Ideal Gas vs Real Gas

Ideal gas versus real gas comes down to one question: when is $PV = nRT$ a good approximation? An ideal gas is a model whose particles have negligible volume and no intermolecular forces except during collisions; a real gas is an actual gas, so its molecules have finite size and can attract or repel one another. Gases behave most ideally at relatively low pressure and higher temperature, where molecules are far apart and unlikely to condense.

Ideal vs. real gas side by side

                  Ideal gas (the model)       Real gas (actual)
Particle volume   negligible                  finite
Forces            none except collisions      attractions and repulsions
Obeys PV = nRT?   exactly, by definition      approximately, condition-dependent
Compressibility Z  Z = 1 always               Z above or below 1
Behaves ideally   —                           low P, high T, far from condensation

The ideal model removes two real-world complications: it treats particles as taking up essentially no space and ignores intermolecular forces except for elastic collisions. Those assumptions make the math simple and are often close enough for introductory chemistry, even though they are not exactly true.

Why real gases deviate

Real gases deviate because molecules are not points and do interact. When attractive forces matter, molecules pull on one another and strike the walls a little less forcefully, so the measured pressure can fall below the ideal prediction for the same $n$ , $V$ , and $T$ . When the gas is compressed strongly, the finite size of the molecules starts to matter and the gas resists compression more than the ideal model suggests. Which effect dominates depends on the gas and the conditions, so the direction of deviation is not fixed.

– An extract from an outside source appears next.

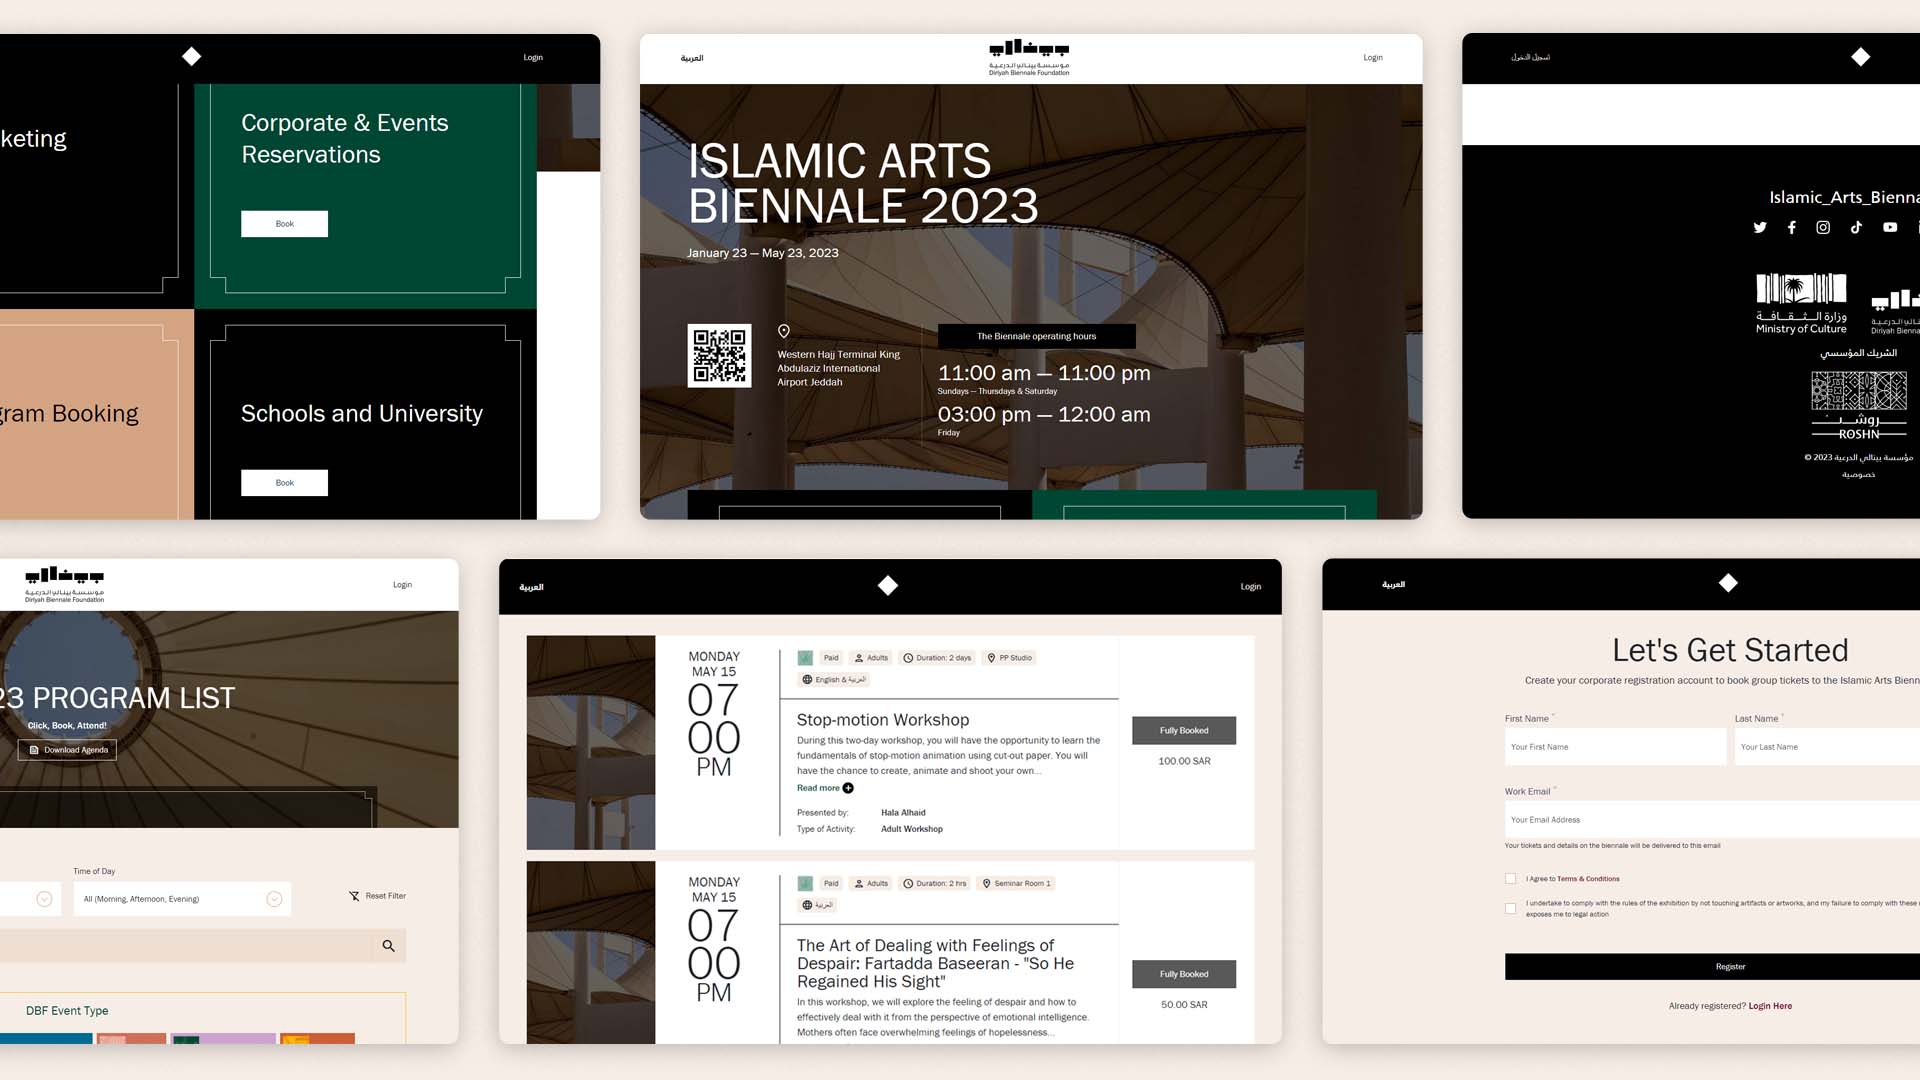 Islamic Arts Biennale 2023 website
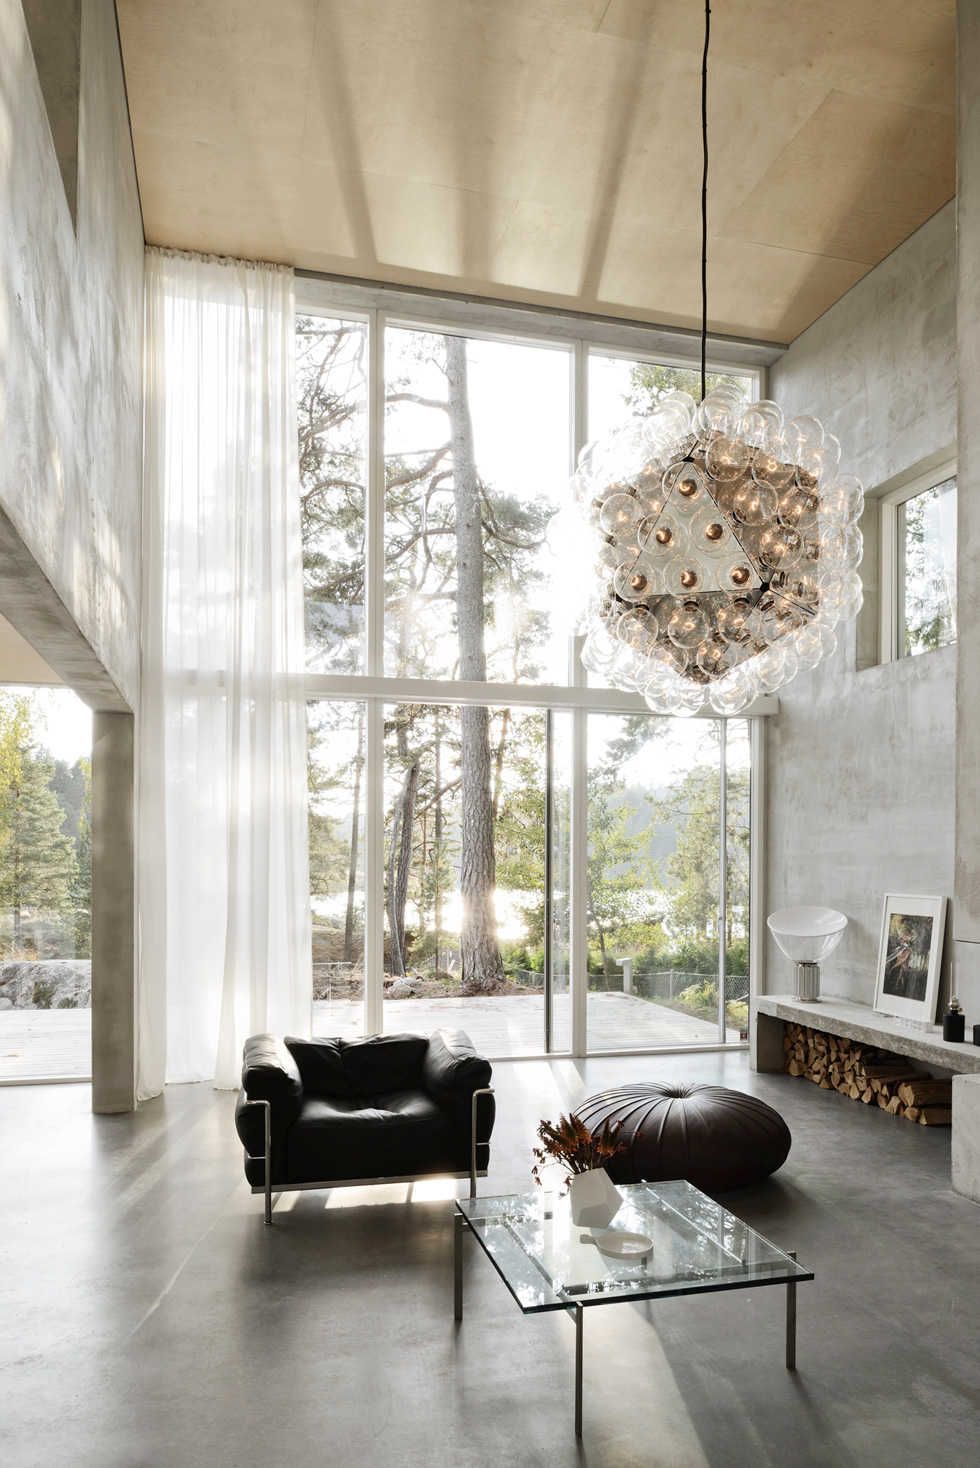 Buntglasfassade in einem Haus mit loftartigem Interieur

Worked example: the compressibility factor

A practical ideality check is the compressibility factor:

Z = \frac{PV}{nRT}

For an ideal gas $Z = 1$ ; for a real gas $Z$ can sit above or below $1$ . Suppose $1.00\ \mathrm{mol}$ of a gas is held at $300\ \mathrm{K}$ in a $1.00\ \mathrm{L}$ container, with a measured pressure of $24.0\ \mathrm{atm}$ . If it were ideal,

P_{\text{ideal}} = \frac{nRT}{V} = \frac{(1.00)(0.0821)(300)}{1.00} \approx 24.6\ \mathrm{atm}

Comparing the measured state with ideal behavior,

Z = \frac{(24.0)(1.00)}{(1.00)(0.0821)(300)} \approx 0.97

Since $Z < 1$ , this sample shows a small negative deviation, usually meaning attractive forces are lowering the pressure slightly relative to the ideal prediction.

Which model to reach for, and the traps

Use the ideal model when pressure is relatively low and the gas is far from condensation, since then molecular size and attractions matter less. Switch to thinking about real-gas behavior when pressure is high, temperature is low, or the gas is near a phase change, which is where the ideal assumptions break down most. The recurring traps:

Thinking the ideal gas law is useless for real gases. Many real gases follow it closely enough for ordinary calculations.
Assuming deviation happens only at high pressure. Low temperature matters too, as a gas approaches condensation.
Assuming deviation always goes one direction. Attractions tend to give $Z < 1$ ; finite size and short-range repulsion tend to give $Z > 1$ .
Forgetting the condition. The same gas can be nearly ideal in one range and noticeably non-ideal in another, so pressure and temperature must be part of the label.

A second case to compare

Rework the worked example with the same $n$ , $V$ , and $T$ but a measured pressure of $26.0\ \mathrm{atm}$ :

Z = \frac{(26.0)(1.00)}{(1.00)(0.0821)(300)} \approx 1.06

Now $Z > 1$ , a positive deviation, suggesting finite molecular size and repulsion dominate here rather than attraction. Holding the $Z = 0.97$ and $Z = 1.06$ cases side by side shows both directions of deviation in one comparison. The natural follow-up is the ideal gas law itself, which shows how the simplified model is used in actual calculations.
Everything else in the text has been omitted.